3. Sesuaikan Follow-Up dengan Kebutuhan
Follow-up yang hanya berisi pertanyaan seperti “Jadi daftar, Kak?” berulang kali berisiko membuat calon jamaah merasa didesak tanpa mendapatkan informasi baru. Tentu, akan lebih efektif jika setiap follow-up membawa sesuatu yang relevan dengan kondisi calon jamaah.
Misalnya, menjawab pertanyaan sebelumnya, memberikan detail fasilitas, menginformasikan jadwal, atau menjelaskan pilihan pembayaran. Strategi ini membuat komunikasi terasa seperti pendampingan dalam mengambil keputusan dan membuat calon jamaah merasa lebih nyaman.

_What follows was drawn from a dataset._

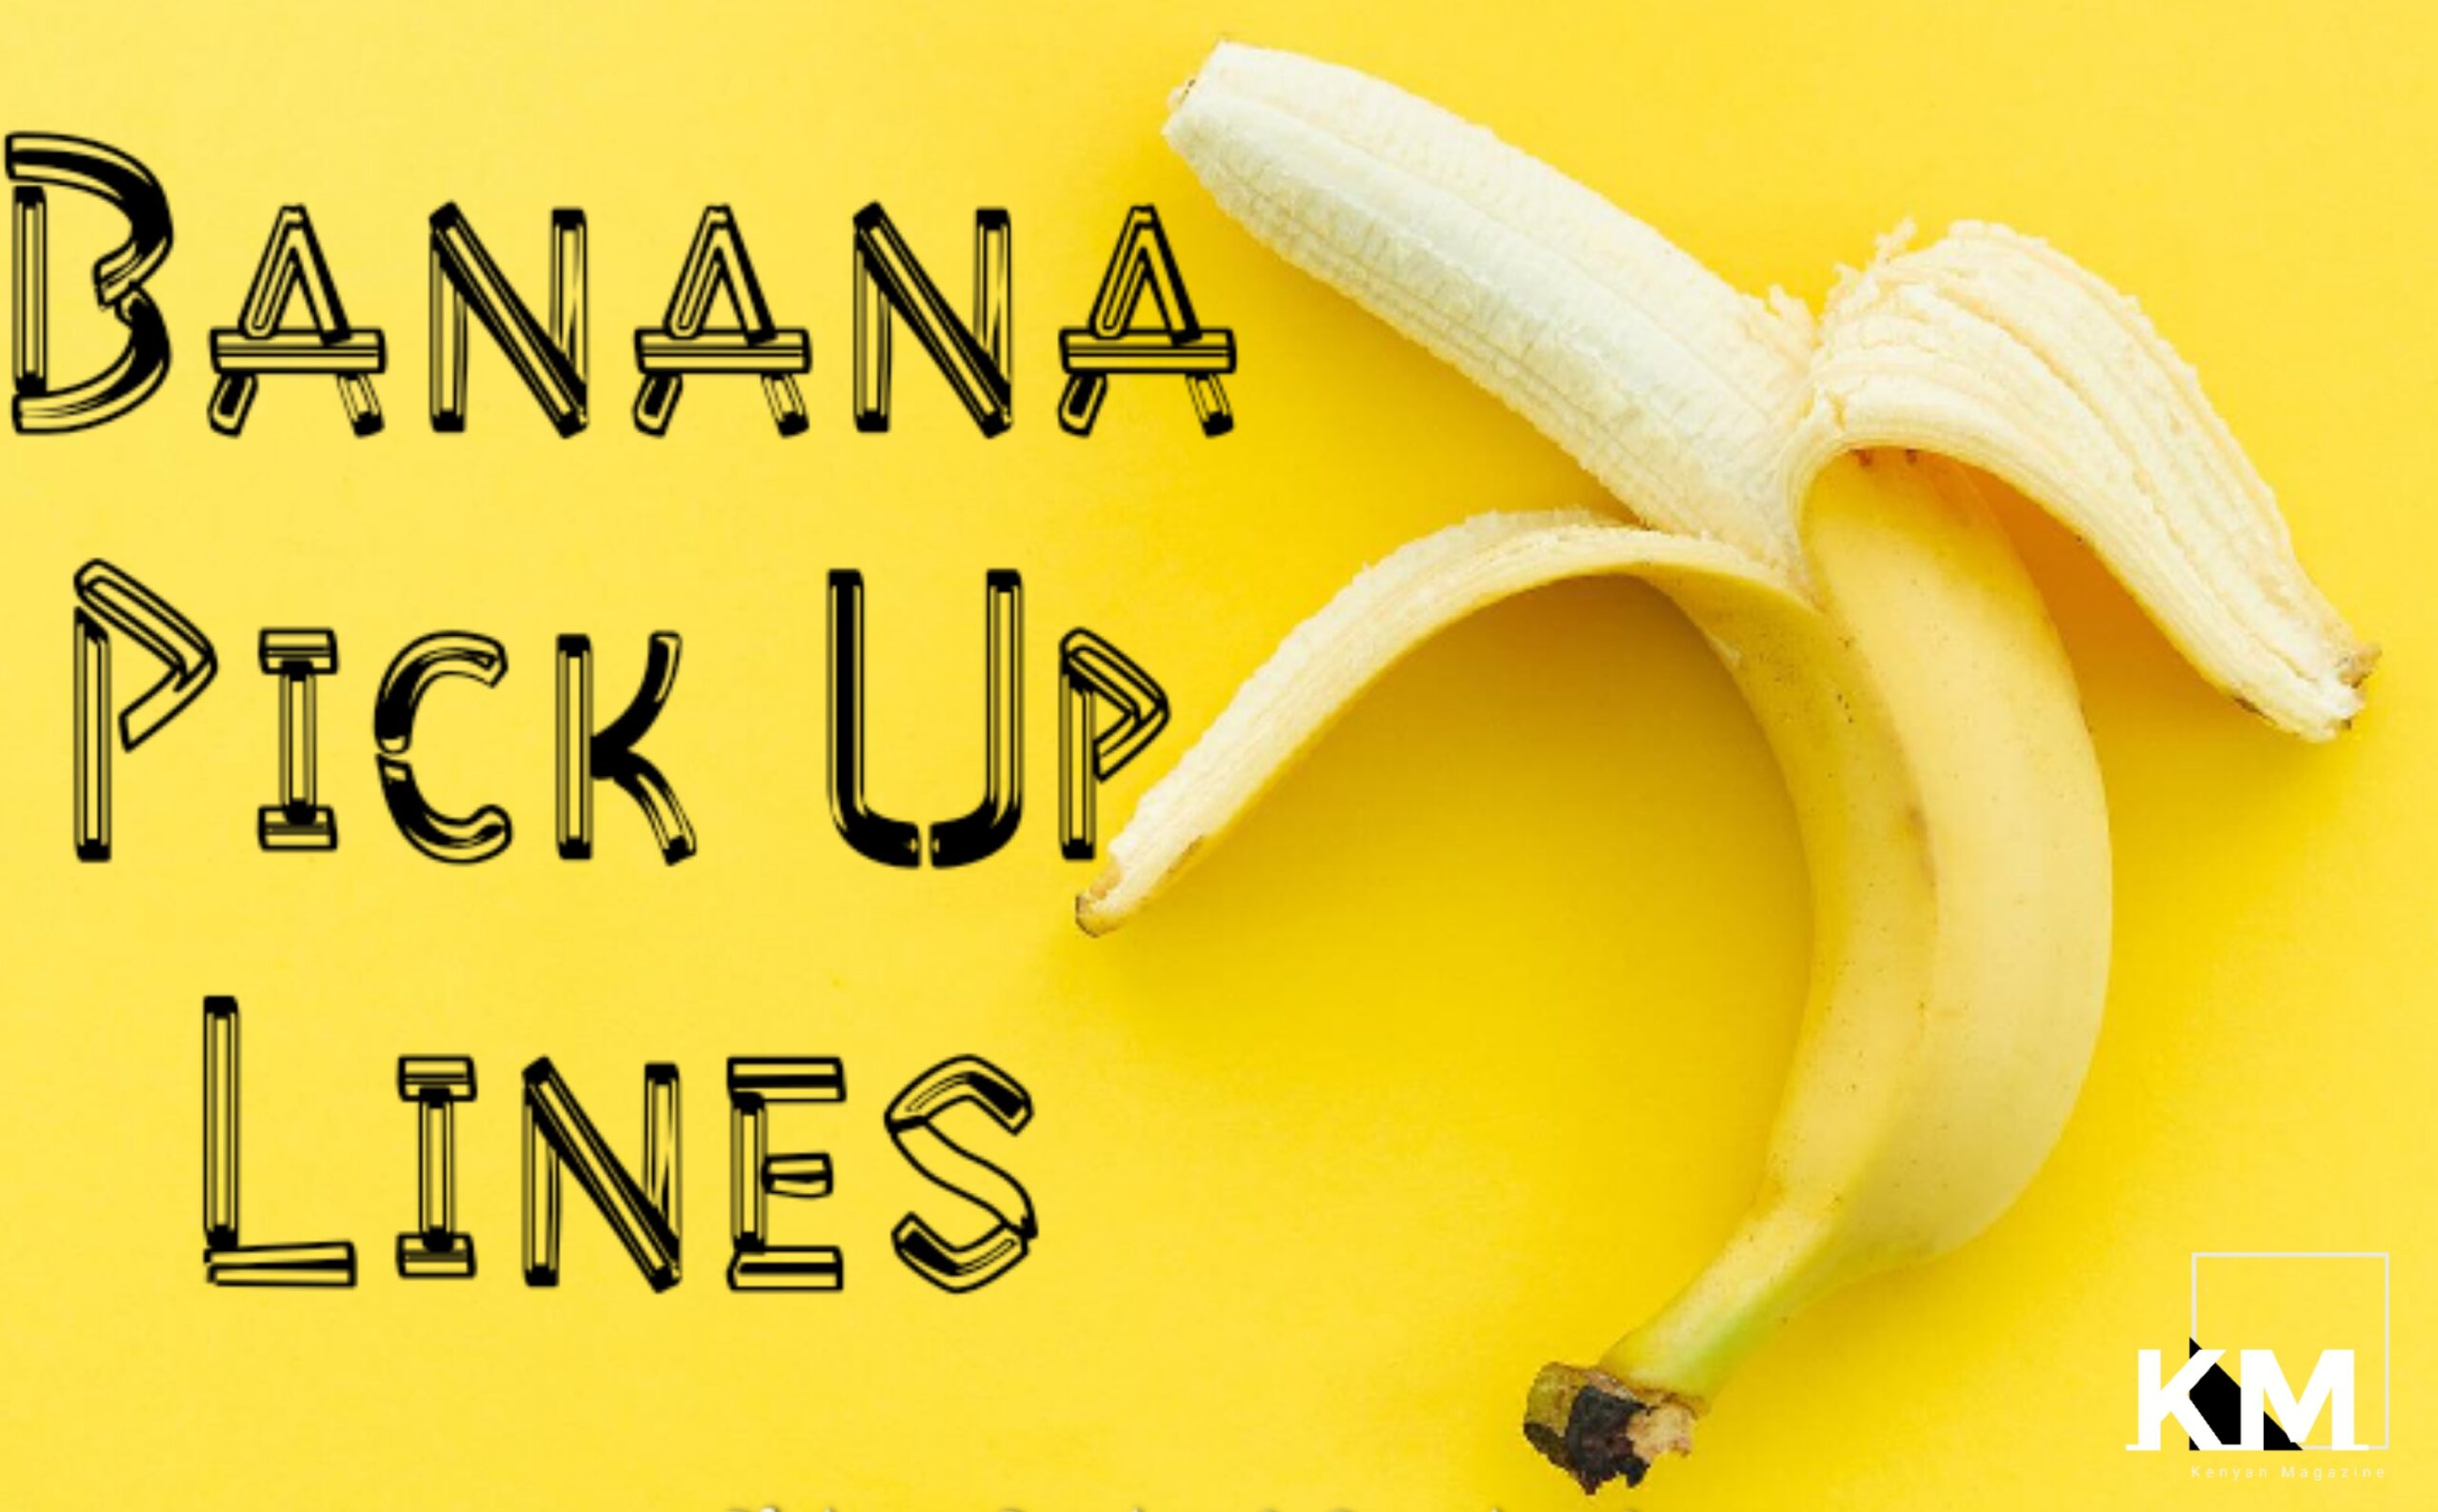 Banana pick up lines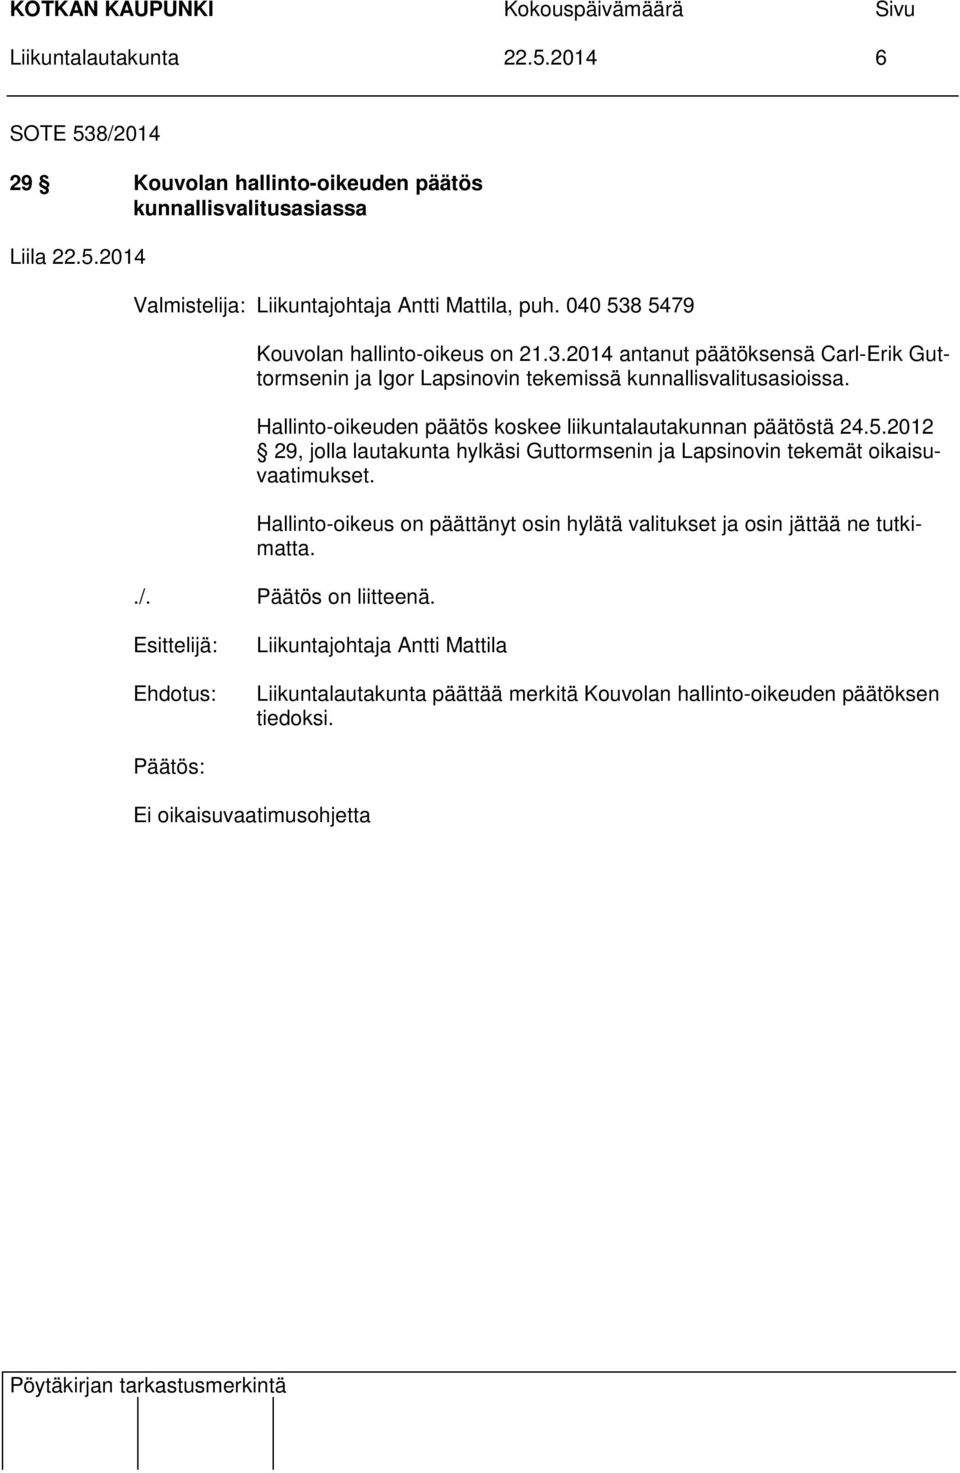 Hallinto-oikeuden päätös koskee liikuntalautakunnan päätöstä 24.5.2012 29, jolla lautakunta hylkäsi Guttormsenin ja Lapsinovin tekemät oikaisuvaatimukset.

4. Gunakan Data untuk Menentukan Prioritas
Hal lain yang bisa Anda terapkan untuk mengoptimalkan sales cycle adalah menggunakan data untuk menentukan prioritas. Data dari proses penjualan dapat membantu tim mengetahui leads mana yang menunjukkan ketertarikan lebih tinggi dan mana yang masih mencari informasi saja.
Informasi seperti riwayat komunikasi, paket yang diminati, frekuensi respons, serta status follow-up dapat menjadi dasar untuk menentukan tindakan berikutnya. Dengan data tersebut, tim sales tidak perlu hanya mengandalkan ingatan atau perkiraan ketika menentukan calon jamaah yang harus dihubungi.
5. Evaluasi Conversion Rate Secara Berkala
Satu lagi strategi tepat untuk mengoptimalkan sales cycle yang penting untuk Anda terapkan adalah melakukan evaluasi conversion rate secara berkala. Tentu, optimasi sales cycle perlu diikuti dengan pengukuran agar Anda bisa mengetahui apakah perubahan strategi benar-benar memberikan hasil.
Salah satu indikator yang dapat diperhatikan adalah conversion rate dari leads menjadi pendaftar, termasuk perbandingan berdasarkan sumber leads, tim sales, maupun periode tertentu. Jika jumlah leads tinggi tetapi conversion rate rendah, Anda perlu mencari tahu pada tahap mana calon jamaah paling banyak berhenti.
Pada akhirnya, sales cycle adalah sekelumit dari hal penting dalam upaya mendapatkan jamaah baru. Tentu, mengoptimalkan teknik closing sales ini penting untuk dilakukan. Tetapi, di sisi lain Anda juga perlu memperhatikan bahwa mengoptimalkan manajemen bisnis secara keseluruhan juga tidak boleh ketinggalan.
Inilah kenapa menggunakan software manajemen travel umroh bisa menjadi solusi yang tepat. Dengan software yang lebih modern dan lengkap, menjalankan bisnis travel umroh akan semakin efisien, termasuk ketika melakukan follow-up kepada target jamaah.